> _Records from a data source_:
↓

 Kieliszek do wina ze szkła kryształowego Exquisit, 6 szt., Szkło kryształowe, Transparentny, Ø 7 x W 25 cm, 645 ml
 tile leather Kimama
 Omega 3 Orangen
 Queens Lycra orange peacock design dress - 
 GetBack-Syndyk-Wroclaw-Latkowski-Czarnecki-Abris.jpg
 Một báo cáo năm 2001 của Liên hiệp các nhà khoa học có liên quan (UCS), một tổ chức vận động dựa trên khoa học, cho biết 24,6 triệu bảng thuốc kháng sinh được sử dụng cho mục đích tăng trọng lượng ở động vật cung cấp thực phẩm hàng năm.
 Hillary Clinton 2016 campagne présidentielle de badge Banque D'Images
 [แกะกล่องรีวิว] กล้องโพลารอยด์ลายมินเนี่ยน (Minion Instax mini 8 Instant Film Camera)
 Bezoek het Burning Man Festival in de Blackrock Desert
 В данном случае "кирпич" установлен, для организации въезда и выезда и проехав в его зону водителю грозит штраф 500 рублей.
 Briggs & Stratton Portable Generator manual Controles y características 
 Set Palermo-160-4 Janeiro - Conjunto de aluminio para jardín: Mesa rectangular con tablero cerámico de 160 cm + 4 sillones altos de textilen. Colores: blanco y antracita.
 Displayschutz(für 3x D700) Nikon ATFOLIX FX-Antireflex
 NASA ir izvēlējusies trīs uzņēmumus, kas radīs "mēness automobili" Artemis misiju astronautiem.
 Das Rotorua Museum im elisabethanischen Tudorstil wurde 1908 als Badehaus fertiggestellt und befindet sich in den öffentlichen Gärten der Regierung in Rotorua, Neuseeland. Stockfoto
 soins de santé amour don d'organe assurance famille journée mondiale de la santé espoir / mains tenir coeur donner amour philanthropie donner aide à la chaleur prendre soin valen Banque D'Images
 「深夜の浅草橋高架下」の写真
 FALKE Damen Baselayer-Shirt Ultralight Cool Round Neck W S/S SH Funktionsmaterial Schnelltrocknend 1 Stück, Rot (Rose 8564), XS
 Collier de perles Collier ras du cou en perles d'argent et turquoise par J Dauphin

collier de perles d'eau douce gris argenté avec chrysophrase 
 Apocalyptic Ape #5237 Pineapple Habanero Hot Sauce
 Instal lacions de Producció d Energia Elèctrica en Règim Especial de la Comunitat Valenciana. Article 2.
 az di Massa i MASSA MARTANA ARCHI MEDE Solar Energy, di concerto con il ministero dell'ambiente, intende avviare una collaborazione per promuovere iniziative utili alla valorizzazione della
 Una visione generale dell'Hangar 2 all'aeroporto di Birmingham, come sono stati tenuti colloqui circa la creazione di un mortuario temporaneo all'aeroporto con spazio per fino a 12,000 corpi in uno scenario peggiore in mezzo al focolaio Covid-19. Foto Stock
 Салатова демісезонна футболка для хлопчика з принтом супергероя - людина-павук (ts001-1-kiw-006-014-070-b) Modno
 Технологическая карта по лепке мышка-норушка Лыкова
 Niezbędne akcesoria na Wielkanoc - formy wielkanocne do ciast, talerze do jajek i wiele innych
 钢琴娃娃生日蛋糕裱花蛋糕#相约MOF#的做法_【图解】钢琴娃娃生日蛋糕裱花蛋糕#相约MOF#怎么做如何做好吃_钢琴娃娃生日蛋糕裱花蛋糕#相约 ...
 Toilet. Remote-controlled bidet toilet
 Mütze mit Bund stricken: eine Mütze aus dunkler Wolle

↑

> _About this task_:
Beginning with the line that has "В данном случае" and ending with the line that has "Das Rotorua Museum", set down the lines above exactly and include no others.

> _Output for this exercise_:
 В данном случае "кирпич" установлен, для организации въезда и выезда и проехав в его зону водителю грозит штраф 500 рублей.
 Briggs & Stratton Portable Generator manual Controles y características 
 Set Palermo-160-4 Janeiro - Conjunto de aluminio para jardín: Mesa rectangular con tablero cerámico de 160 cm + 4 sillones altos de textilen. Colores: blanco y antracita.
 Displayschutz(für 3x D700) Nikon ATFOLIX FX-Antireflex
 NASA ir izvēlējusies trīs uzņēmumus, kas radīs "mēness automobili" Artemis misiju astronautiem.
 Das Rotorua Museum im elisabethanischen Tudorstil wurde 1908 als Badehaus fertiggestellt und befindet sich in den öffentlichen Gärten der Regierung in Rotorua, Neuseeland. Stockfoto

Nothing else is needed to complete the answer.